Responsabilizar os influenciadores é necessário, mas não é suficiente. A CPI ilumina parte do problema, mas não dá conta da complexidade envolvida. A responsabilização tende a concentrar a culpa em indivíduos, desconsiderando os arranjos institucionais e tecnológicos que os atravessam. Quando Virginia transfere a responsabilidade à sua agência, não está apenas se esquivando. Está revelando como essa cadeia de ação é distribuída, difusa, e própria de todo agenciamento maquínico.
Além disso, cabe lembrar que o próprio Estado, ao mesmo tempo em que investiga os efeitos dessas práticas, também tem sido omisso ou permissivo na regulação da publicidade digital e da indústria de apostas. O problema é estrutural, e não episódico. O que está em curso é um ecossistema técnico e afetivo que articula visibilidade, desejo e risco dentro de lógicas cada vez mais sofisticadas de monetização da atenção.
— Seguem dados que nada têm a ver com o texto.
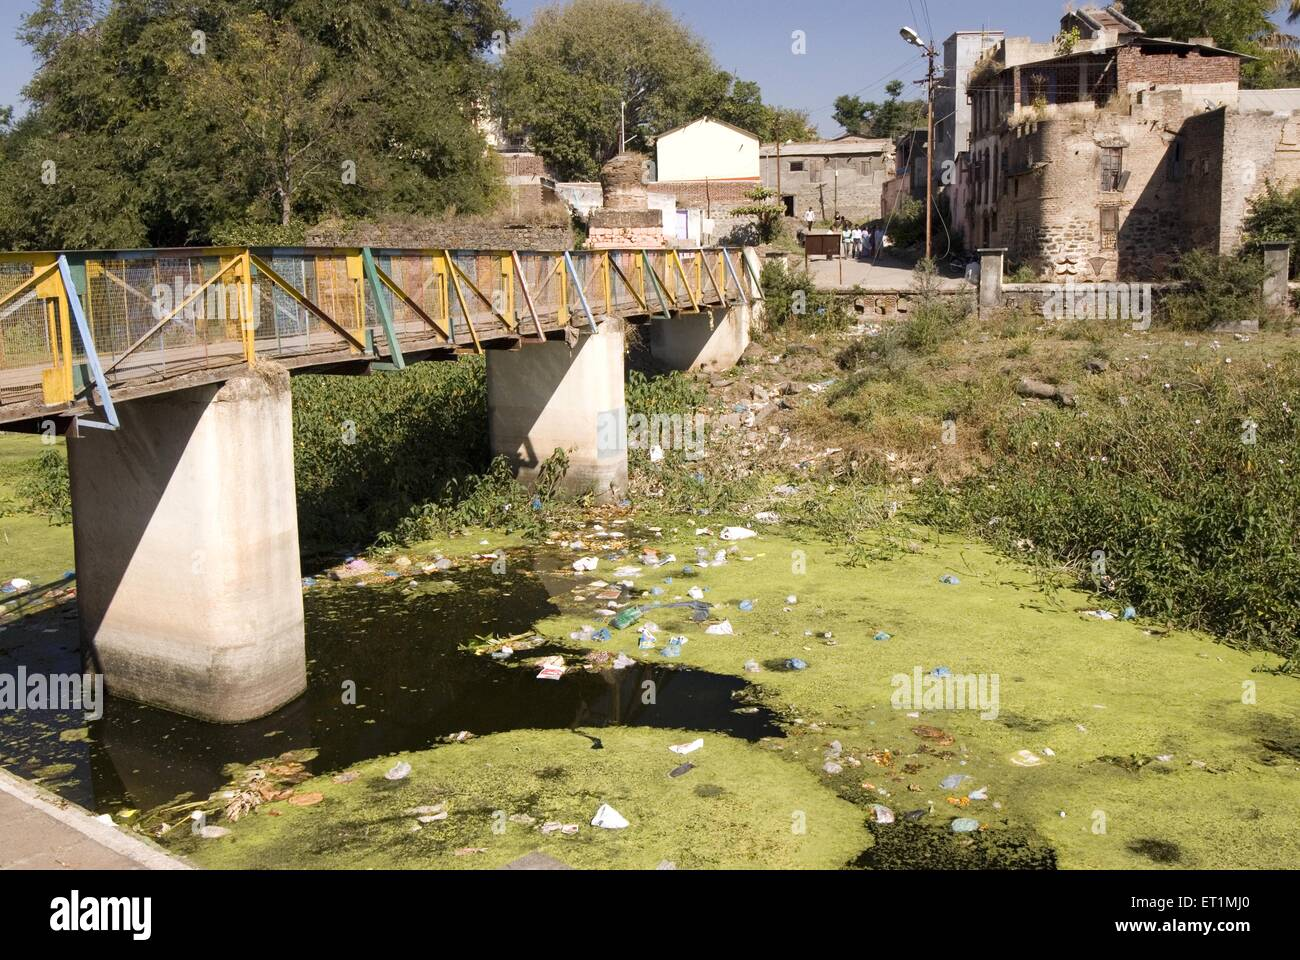 Pollution river turns into garbage dump people throw rubbish river karh Sasvad village taluka Purandar Pune maharashtra - Stock Image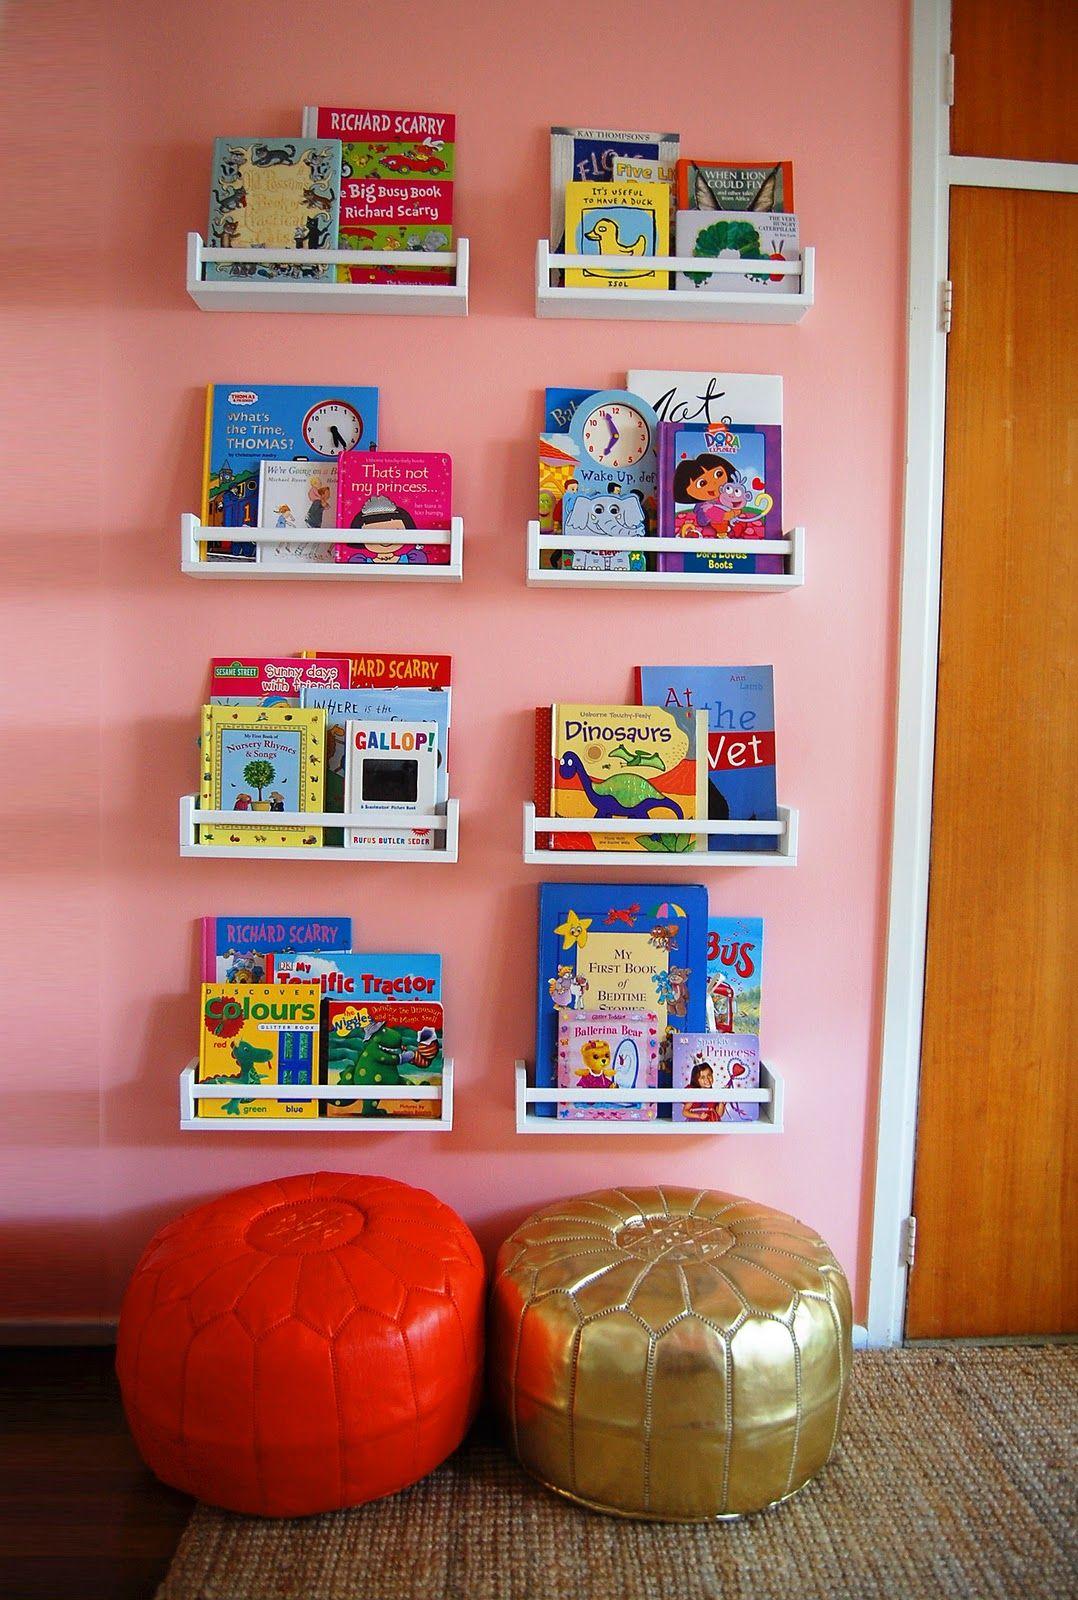 genius turn a 2 spice rack into book shelves ikea spice rack

Se antes o jogo era escondido em ambientes discretos e marginalizados, hoje ele aparece entre stories, sorteios e danças virais. Apostar virou conteúdo. O feed virou cassino. E a subjetividade, essa sim, está em jogo.
Atualizações:
- No final de maio, o Plenário aprovou um conjunto de regras indicadas pela Comissão de Esportes. Dentre elas, a proibição de influenciadores em publicidades de apostas de quotas fixas (um tipo de bet);
- Em 10/06 foi entregue o relatório final da CPI das bets que, entre outros pontos, pedia pelo indiciamento de Virgínia Fonseca por estelionato. O documento foi rejeitado pelo Senado – o primeiro relatório de CPI rejeitado em 10 anos – e, desde então, seus relatores trabalham na contra argumentação.
DELEUZE, Gilles; GUATTARI, Félix. Mil platôs: capitalismo e esquizofrenia, vol. 2. São Paulo: Ed. 34, 2011.
DELEUZE, Gilles; GUATTARI, Félix. O Anti-Édipo. Rio de Janeiro: Imago Editora, 1976.
MASSUMI, Brian. Parables for the virtual:
movement, affect, sensation. London: Duke University Press, 2002.
[1] Os autores descrevem os agenciamentos maquínico como sistemas heterogêneos de elementos humanos e não-humanos (corpos, objetos, ideias, máquinas), que se articulam para produzir algo (ações, afetos, fluxos). Influencers + plataformas + desejo + aposta = agenciamento maquínico.